=== AIM OF THE TASK ===
Print the data exactly. Pictures stay out.

DATASET CONTENT: Begin

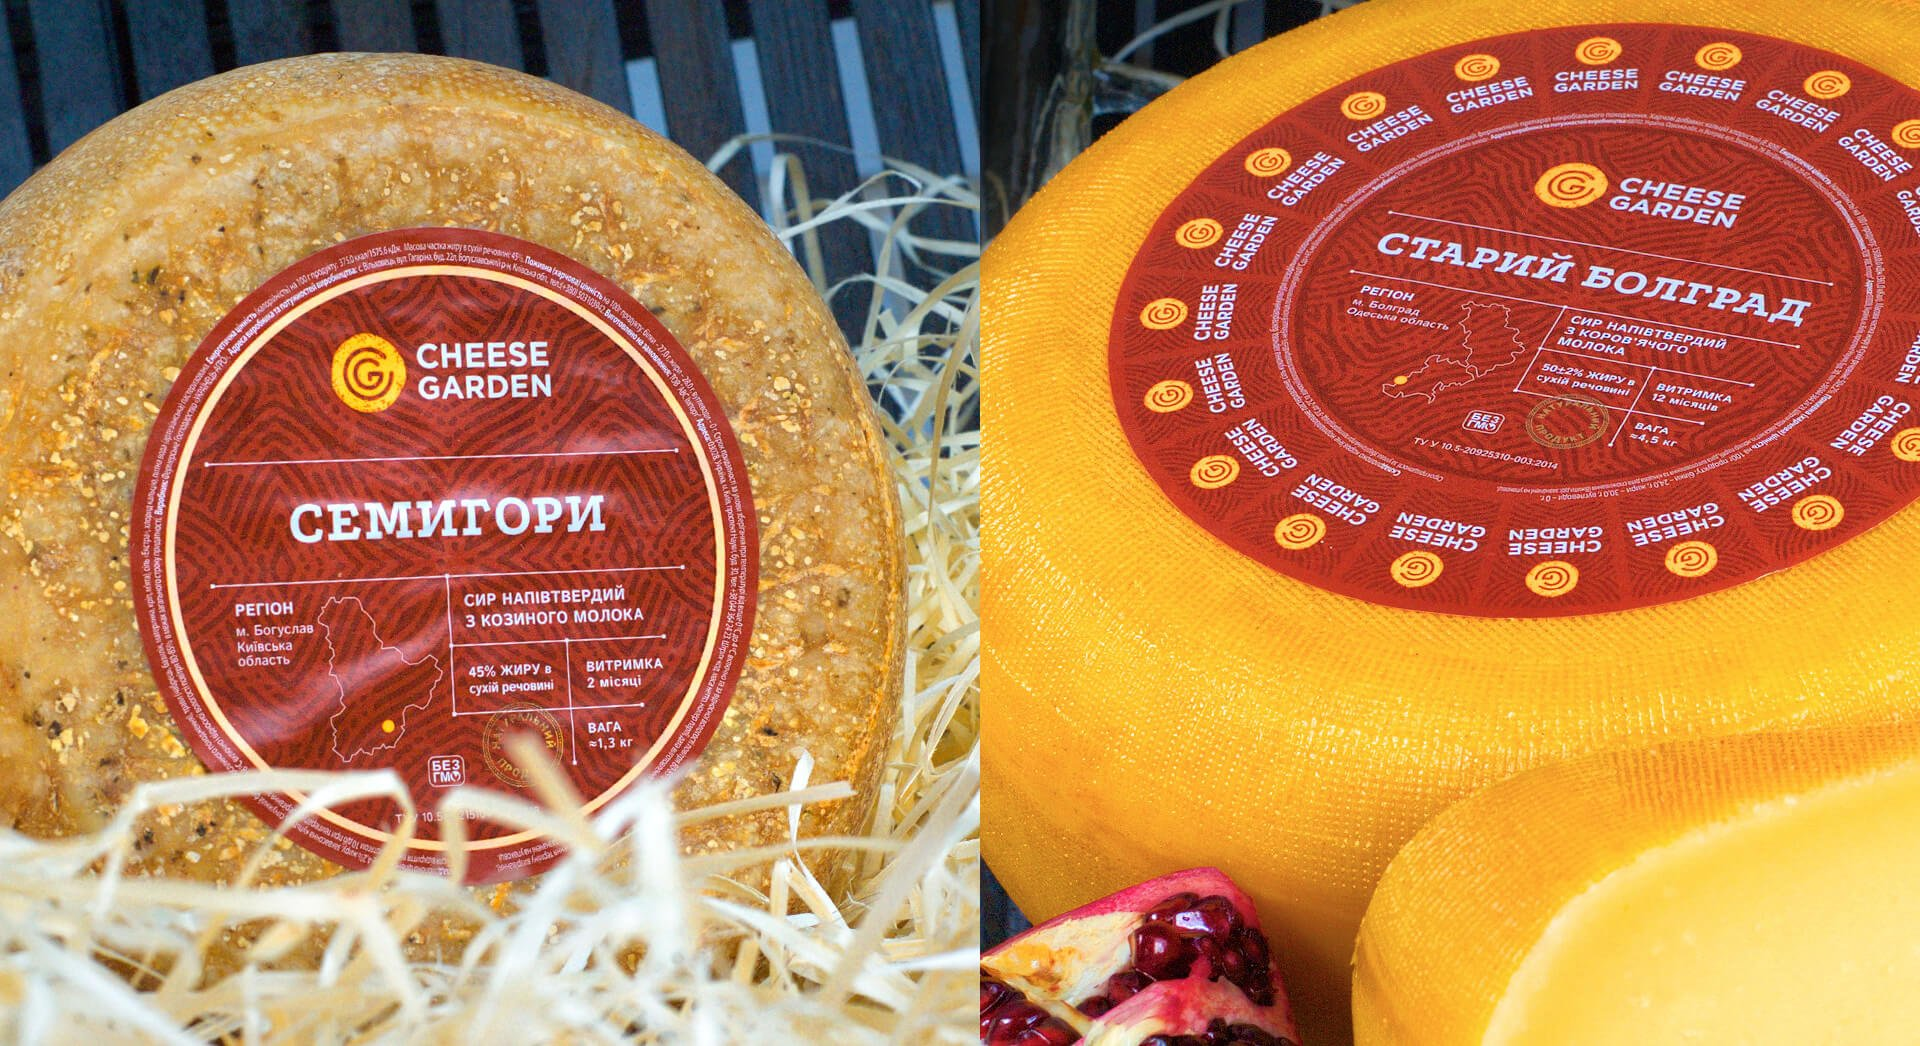 Дизайн етикеток сирів для бренду «Cheese Garden»
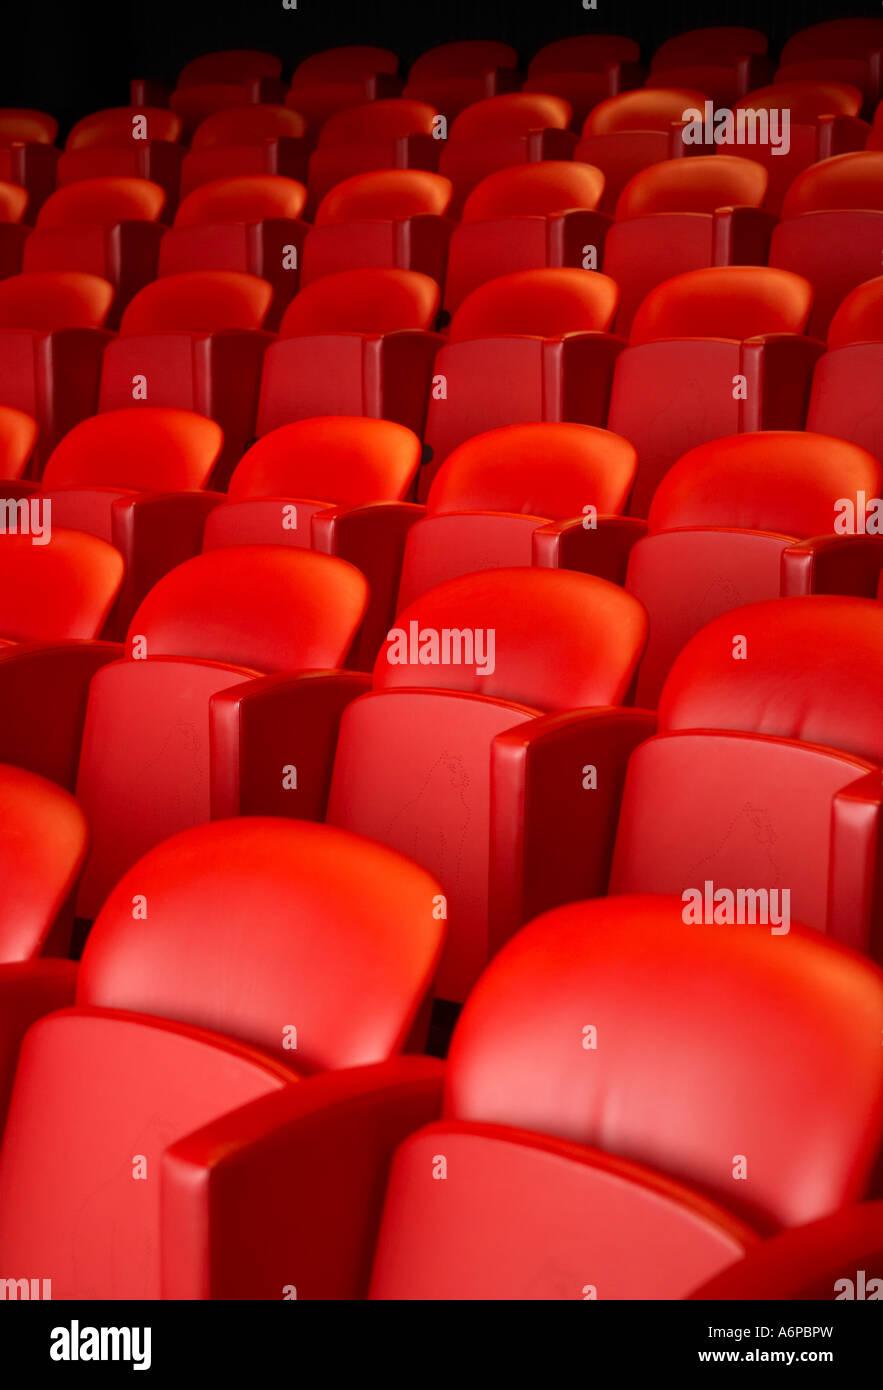 Red cinema seats - Stock Image
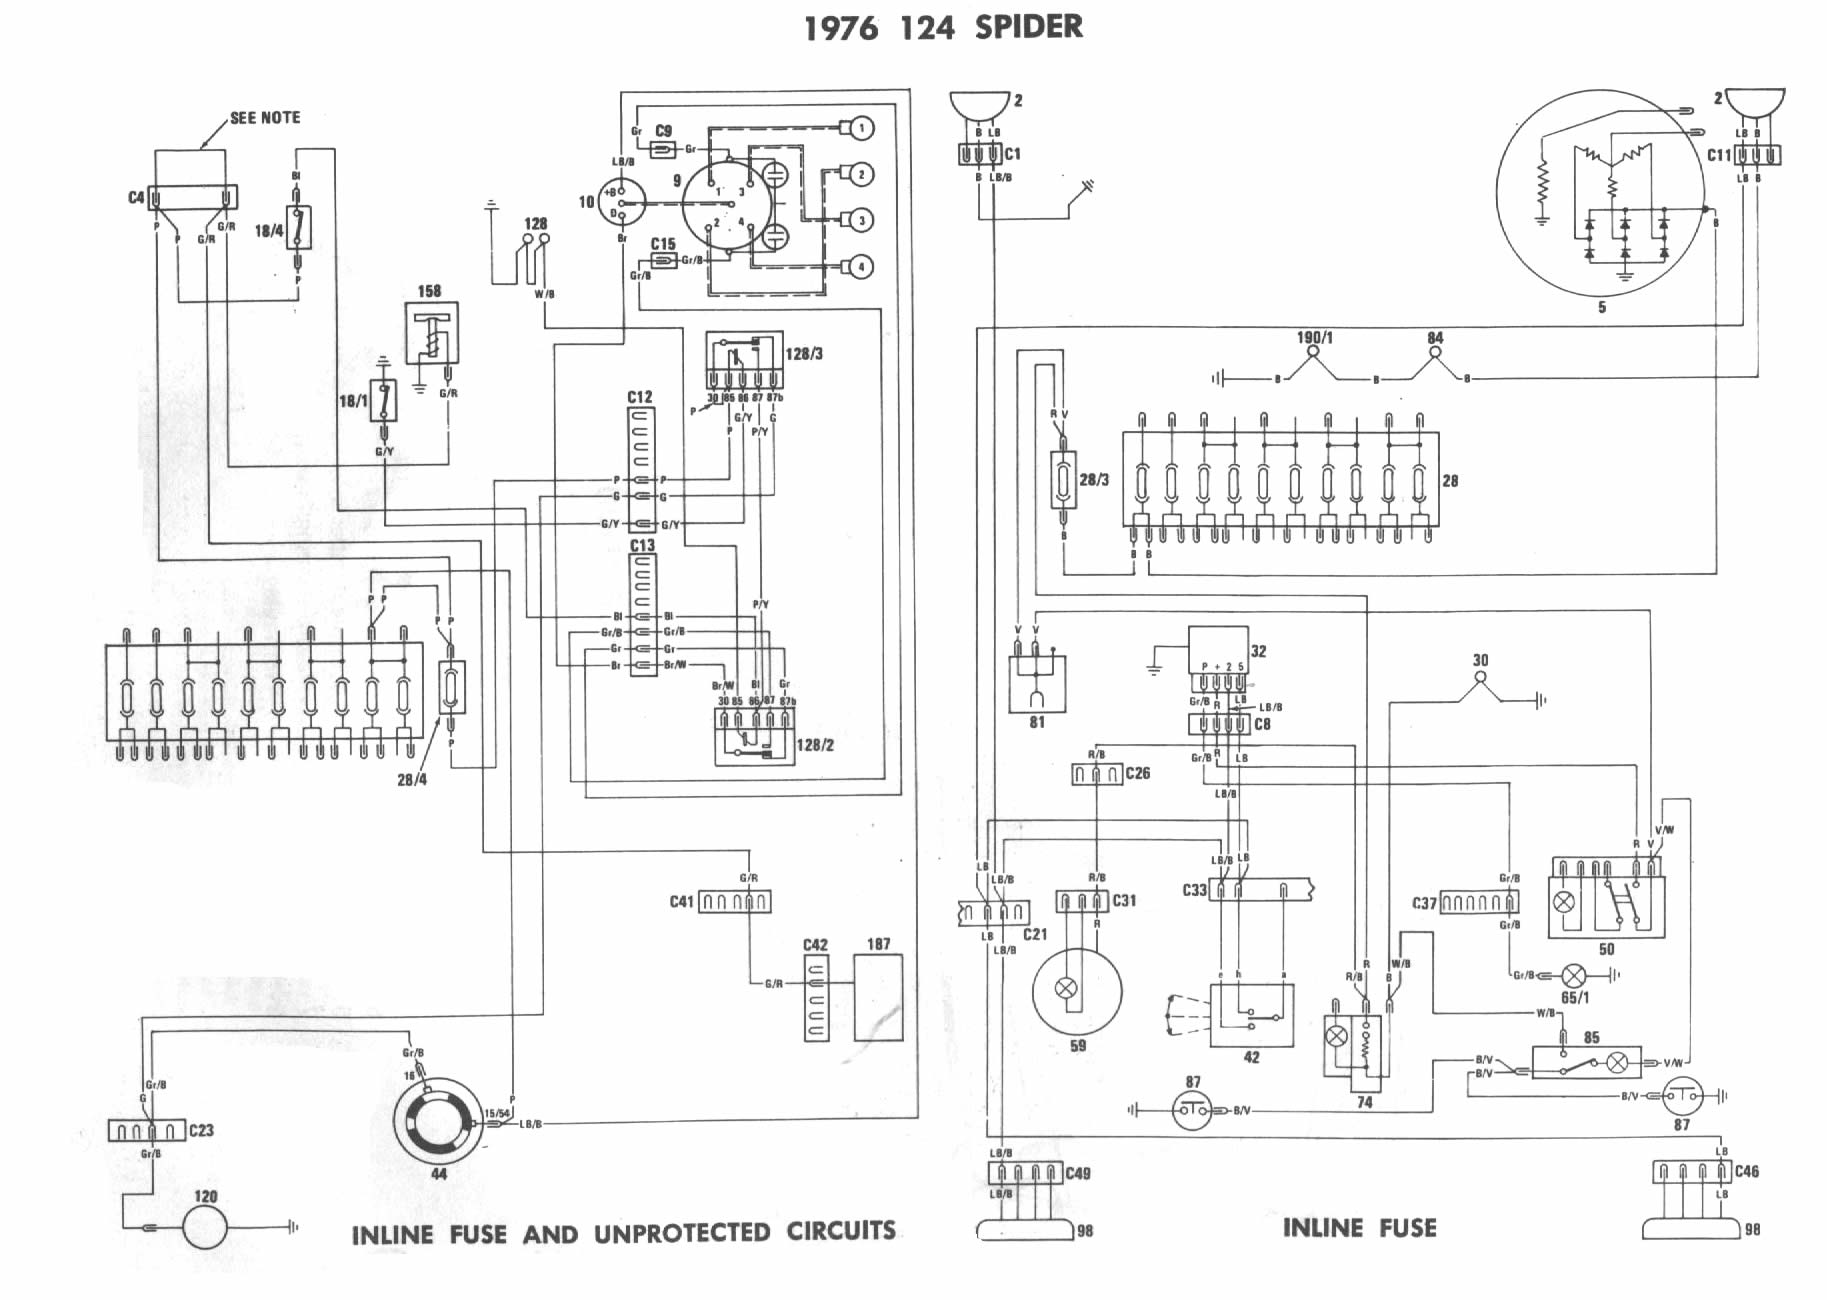 Fiat Multipla Wiring Diagram Pdf Schematic 2019 Fuse Box Car Manuals Diagrams Fault Codes Rh Automotive Net
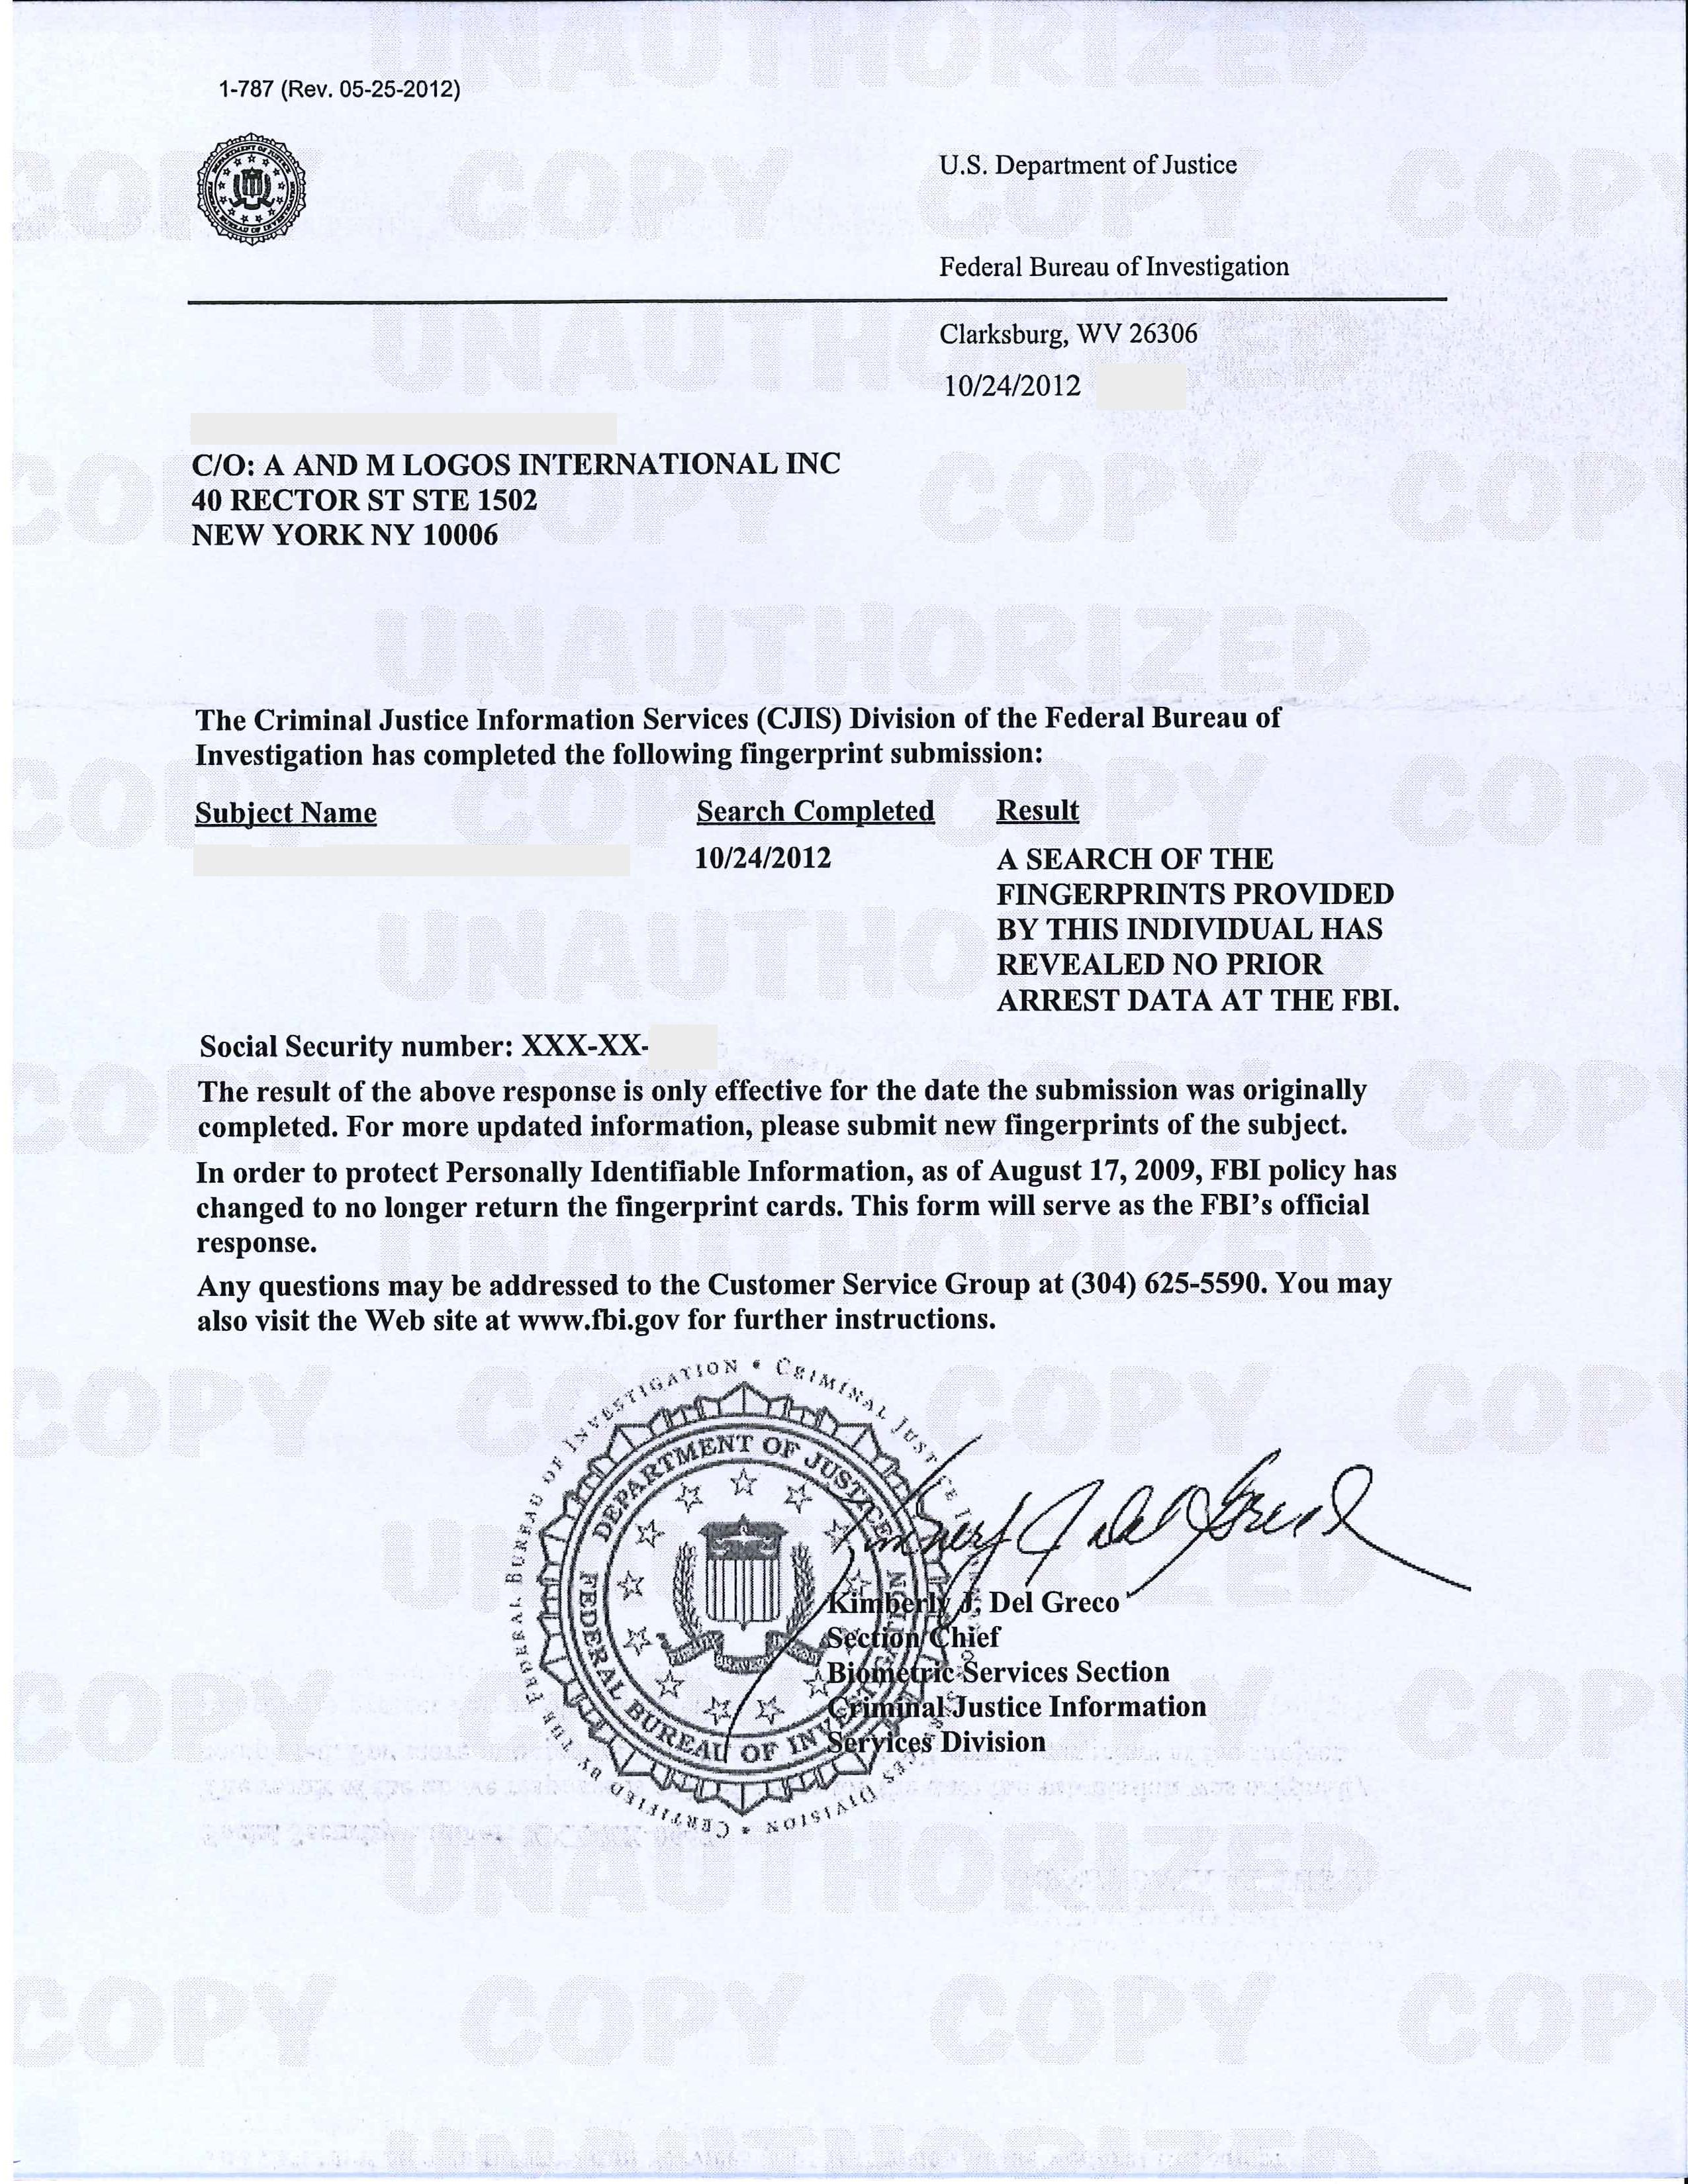 Fbi Intelligence Analyst Cover Letter - sarahepps.com -

DATASET CONTENT: End

=== RESPONSE ===
 Дизайн етикеток сирів для бренду «Cheese Garden»
 Red cinema seats - Stock Image
 Fiat Multipla Wiring Diagram Pdf Schematic 2019 Fuse Box Car Manuals Diagrams Fault Codes Rh Automotive Net
 Fbi Intelligence Analyst Cover Letter - sarahepps.com -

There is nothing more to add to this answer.